One of the hallmark reactions catalyzed by flavin-dependent enzymes is the incorporation of an oxygen atom derived from dioxygen into organic substrates. For many decades, these flavin monooxygenases were assumed to use exclusively the flavin-C4a-(hydro)peroxide as their oxygen-transferring intermediate. We demonstrate that flavoenzymes may instead employ a flavin-N5-peroxide as a soft α-nucleophile for catalysis, which enables chemistry not accessible to canonical monooxygenases. This includes, for example, the redox-neutral cleavage of carbon-hetero bonds or the dehalogenation of inert environmental pollutants via atypical oxygenations. We furthermore identify a shared structural motif for dioxygen activation and N5-functionalization, suggesting a conserved pathway that may be operative in numerous characterized and uncharacterized flavoenzymes from diverse organisms. Our findings show that overlooked flavin-N5-oxygen adducts are more widespread and may facilitate versatile chemistry, thus upending the notion that flavin monooxygenases exclusively function as nature’s equivalents to organic peroxides in synthetic chemistry.

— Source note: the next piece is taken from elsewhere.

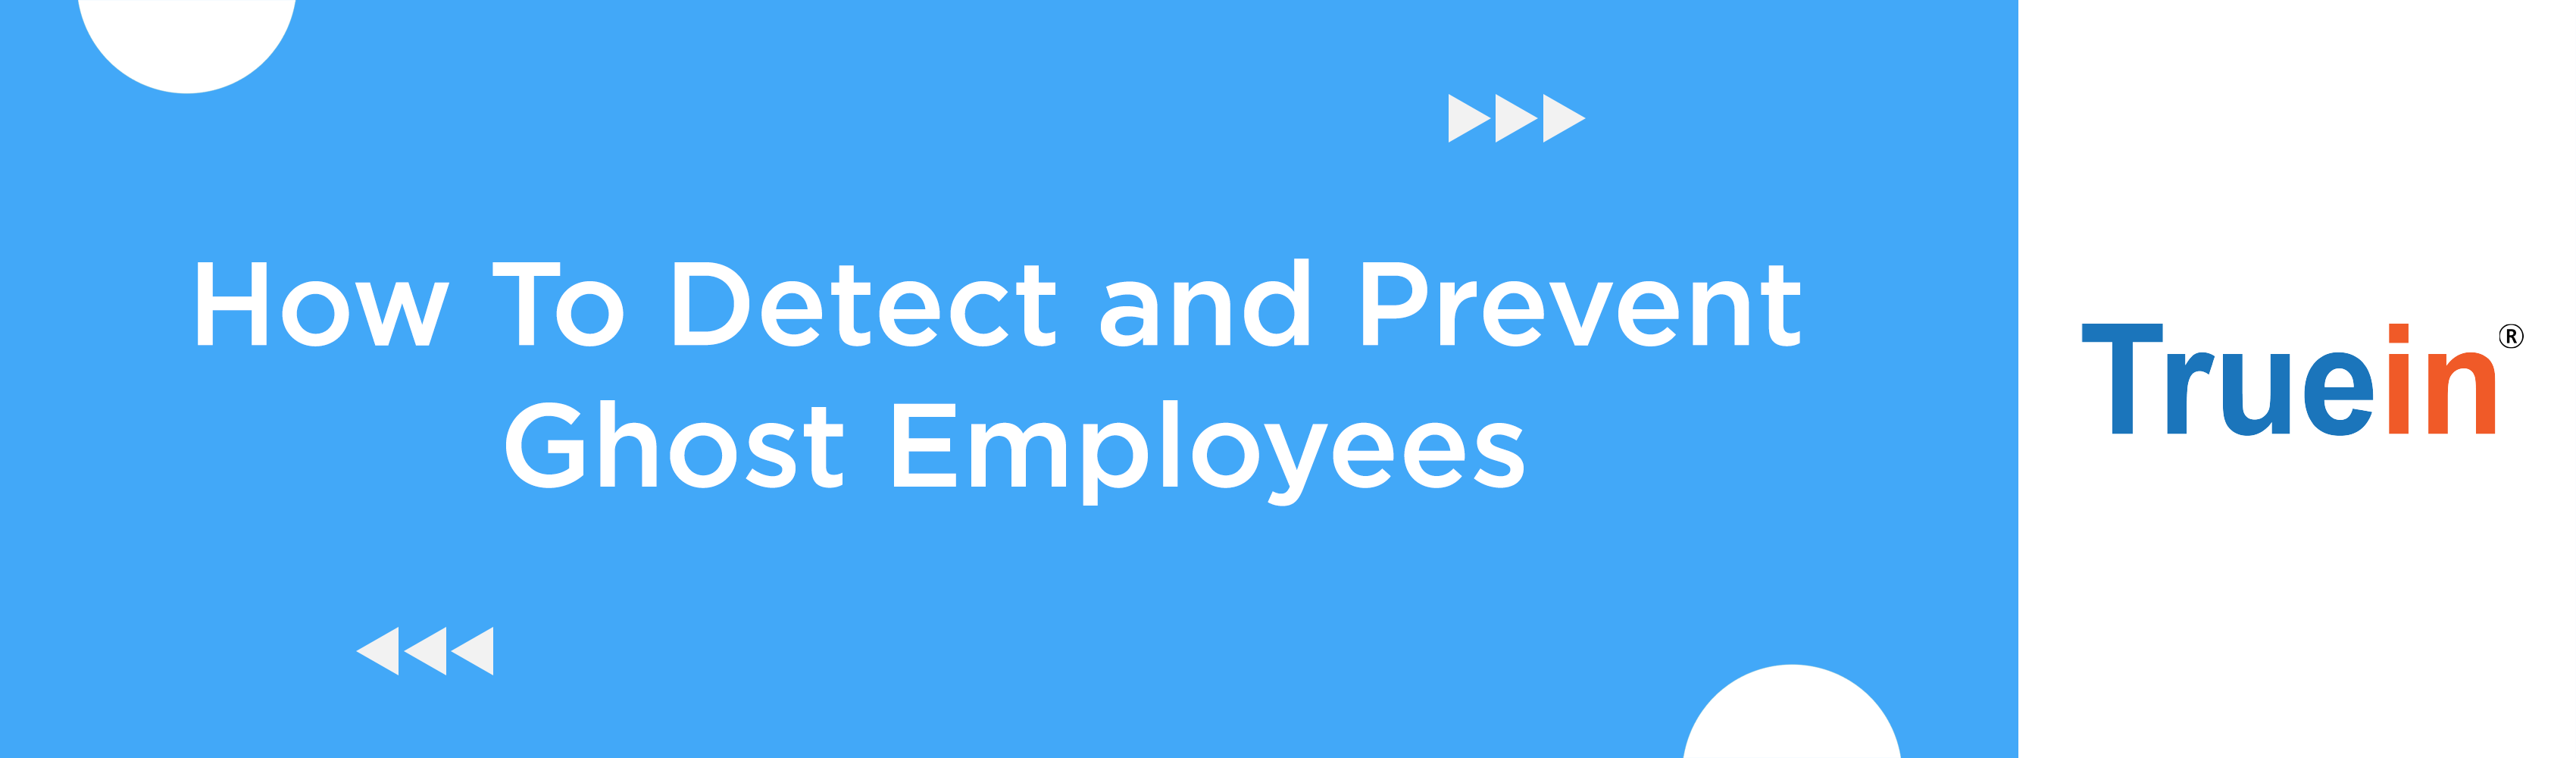 Ghost Employees: How To Prevent and Detect It?

黄素依赖性酶催化的标志性反应之一是将衍生自分子氧的氧原子结合到有机底物中。几十年来，这些黄素单加氧酶被认为只使用黄素-C4a-(氢)过氧化物作为它们的氧转移中间体。我们证明了黄素酶可以替代使用黄素-N5-过氧化物作为催化的软α-亲核试剂，这使得经典单加氧酶无法获得化学。这包括，例如，碳杂键的氧化还原中性裂解或惰性环境污染物通过非典型氧化作用的脱卤。我们进一步确定了分子氧激活和 N5 功能化的共享结构基序，表明可能在来自不同生物的许多特征和未特征的黄素酶中起作用的保守途径。我们的研究结果表明，被忽视的黄素-N5-氧加合物更为普遍，并可能促进多功能化学，从而颠覆了黄素单加氧酶在合成化学中仅作为有机过氧化物的天然等效物的观点。